When my pole arm fights were scheduled at the same time as USA 1 5-man fights so many of our guys were truly distraught that they couldn’t be there for me, but I knew I would have someone there to help and that’s all I needed.  The rest of the team needed it more and that’s OK!  In the end, it all worked out for everyone and I was able to go help after I fought and that meant the world to me.  And when I fought with in the Women’s bohurts, looking up and seeing the team cheering for me, screaming out my name…absolutely made me cry on the field. Something I never thought I would do…but emotion takes you at the weirdest times lol.  

When Team USA takes that field, it is largely by the grace and help of ground support, which is most often wives, girlfriends and family members of the fighters.  This year we were very lucky to have our own photographer, our own armorer and our own team doctor.  I hope in future years we are able to support these positions so we can always have them available because they are paramount to our team’s success.  

BOTN is a great event and I look forward to going in 2017 with a full team of USA Women to fight with.  While I loved every moment of fighting with the Netherlands Lionesses Team this year, I want to face Russia 1 as USA, not as a mercenary.  With the number of women stating they want to fight in 2017, we may well be able to make USA 1 and USA 2 Womens teams, but I will be happy with anything.  

I want to kick some ass this coming year and I know we have the women to do it!  

I had friends and fans come up to me throughout the event and talk to me, support me, exchange gifts with me and best of all, make me smile, cry, laugh and feel amazing.

There were some hard times this trip, I can’t lie, but being surrounded by people who love me, and care about me helped a ton.  Sometimes support comes in strange packages, and I will never look at some people the same way again but there are some that opened my eyes to so much more…and for that I am thankful.  I am truly a blessed woman.

Now, on to phase 2 of our trip!

KMM.dk is a Medieval Market in Copenhagen, Denmark and it was the 2nd stop on this wild adventure for me.  I traveled by bus with most of the Iron Phoenix team and while it was arduous at best, it was still fun.  Aussies have a way of making everything fun…and this event was no exception.  We got some great fighting in, I did a little bit of shopping and made some amazing new friends, while visiting with old friends from championships past.  It may seem odd having friends all over the world that you only see once a year, but honestly, I wouldn’t change it for anything.

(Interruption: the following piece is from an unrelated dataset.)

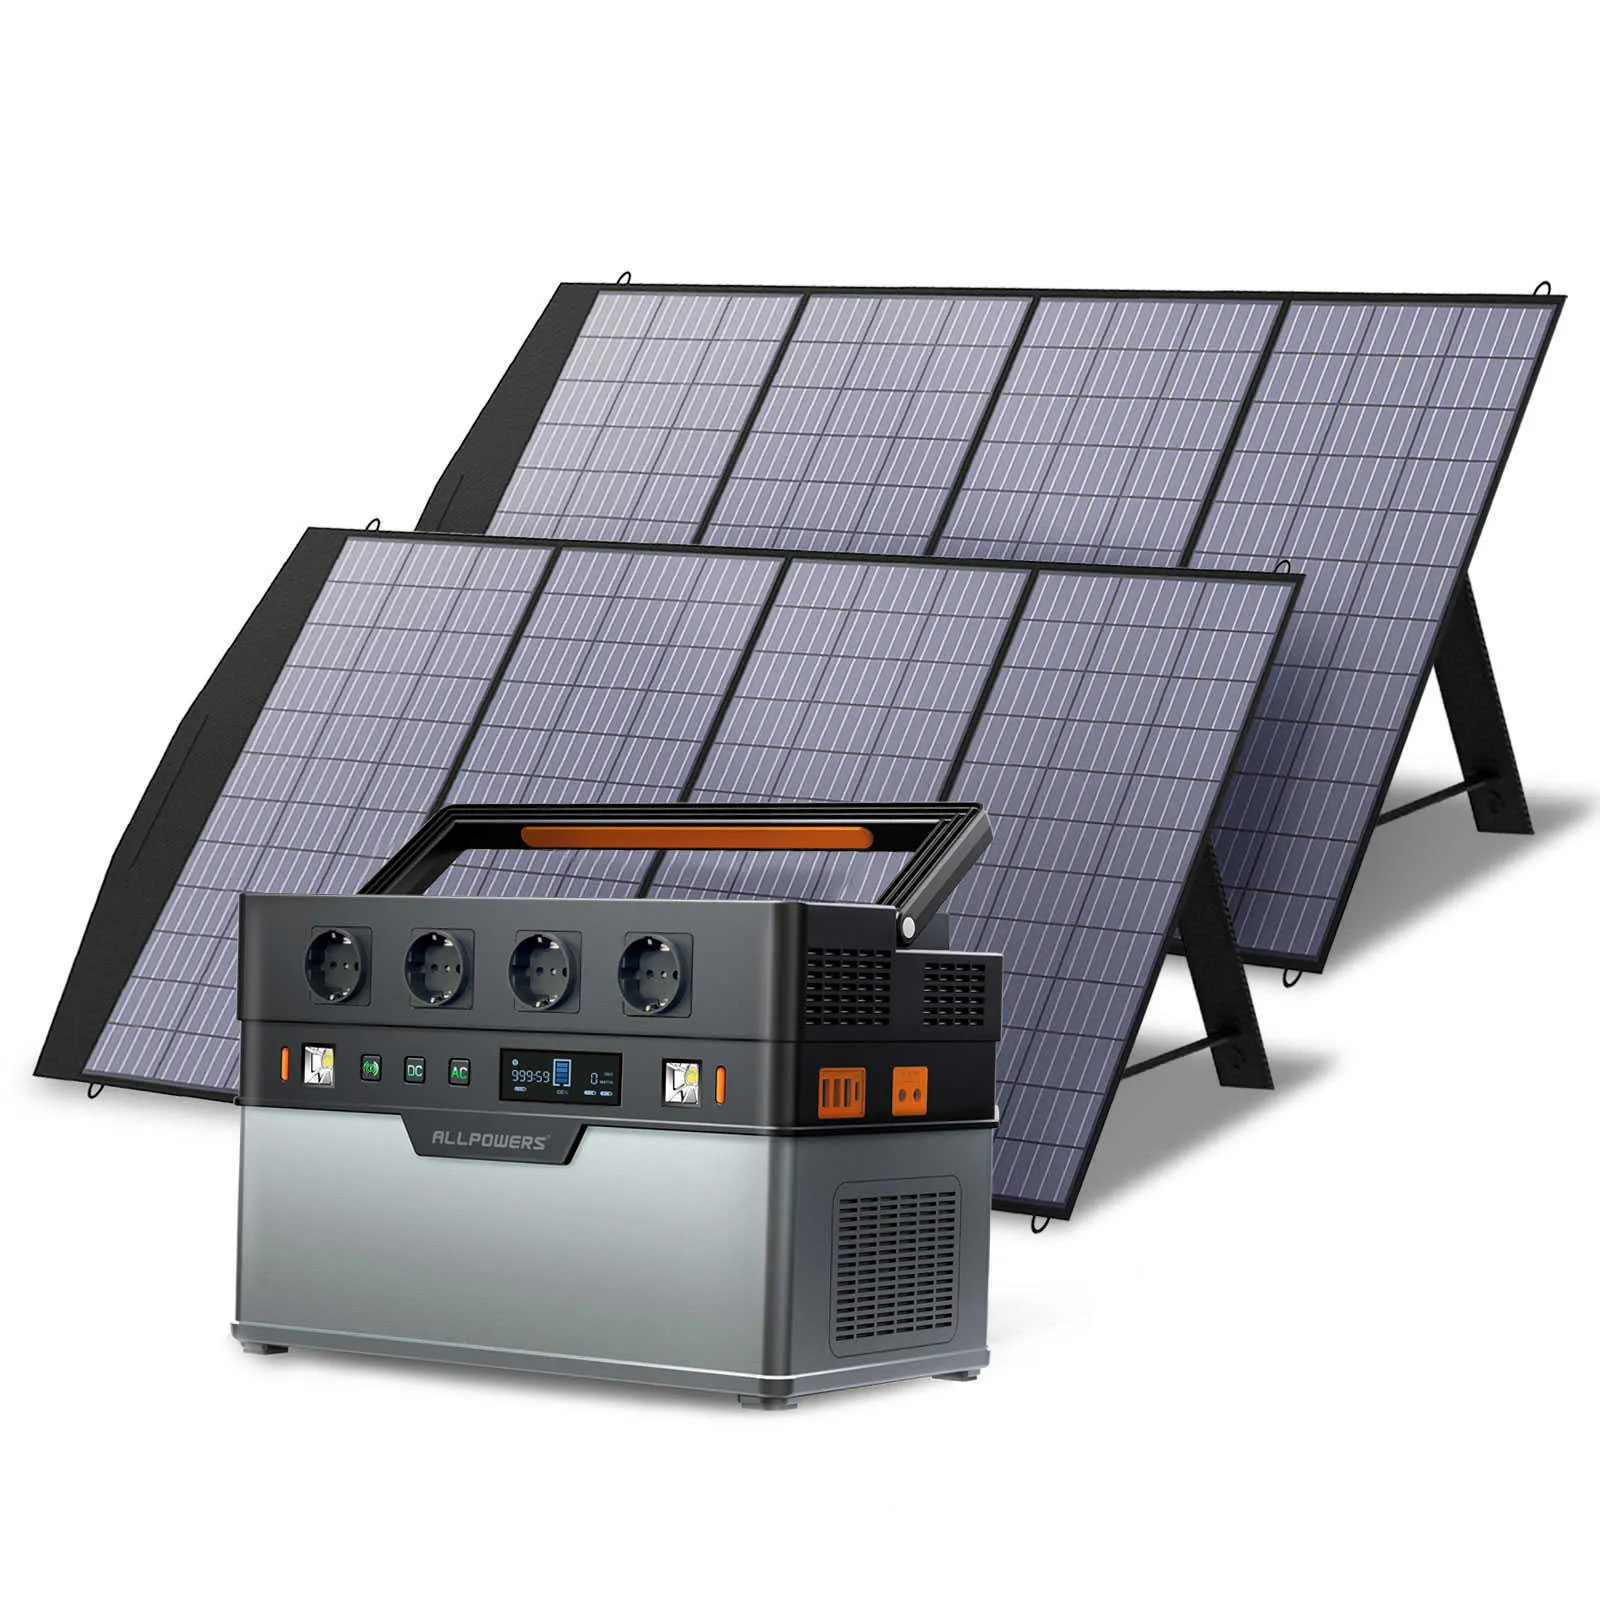 ALLPOWERS Portable Power Station S1500 1092Wh Générateur solaire extérieur 1500W Batterie au lithium mobile avec panneau solaire 18V

Getting to see these people when I can, makes it all worthwhile for me.  And while its hard being away from my home, my husband and my furbabies, knowing that I get to spend time with people I love half way across the world is worth it.  Every. Single. Time.  

So whether you are a fan, a friend, a lover or a fighter, being on campaign is an amazing way to spend two weeks of your life.  

Life is an adventure just waiting to happen…take the first step and the rest will fall into place.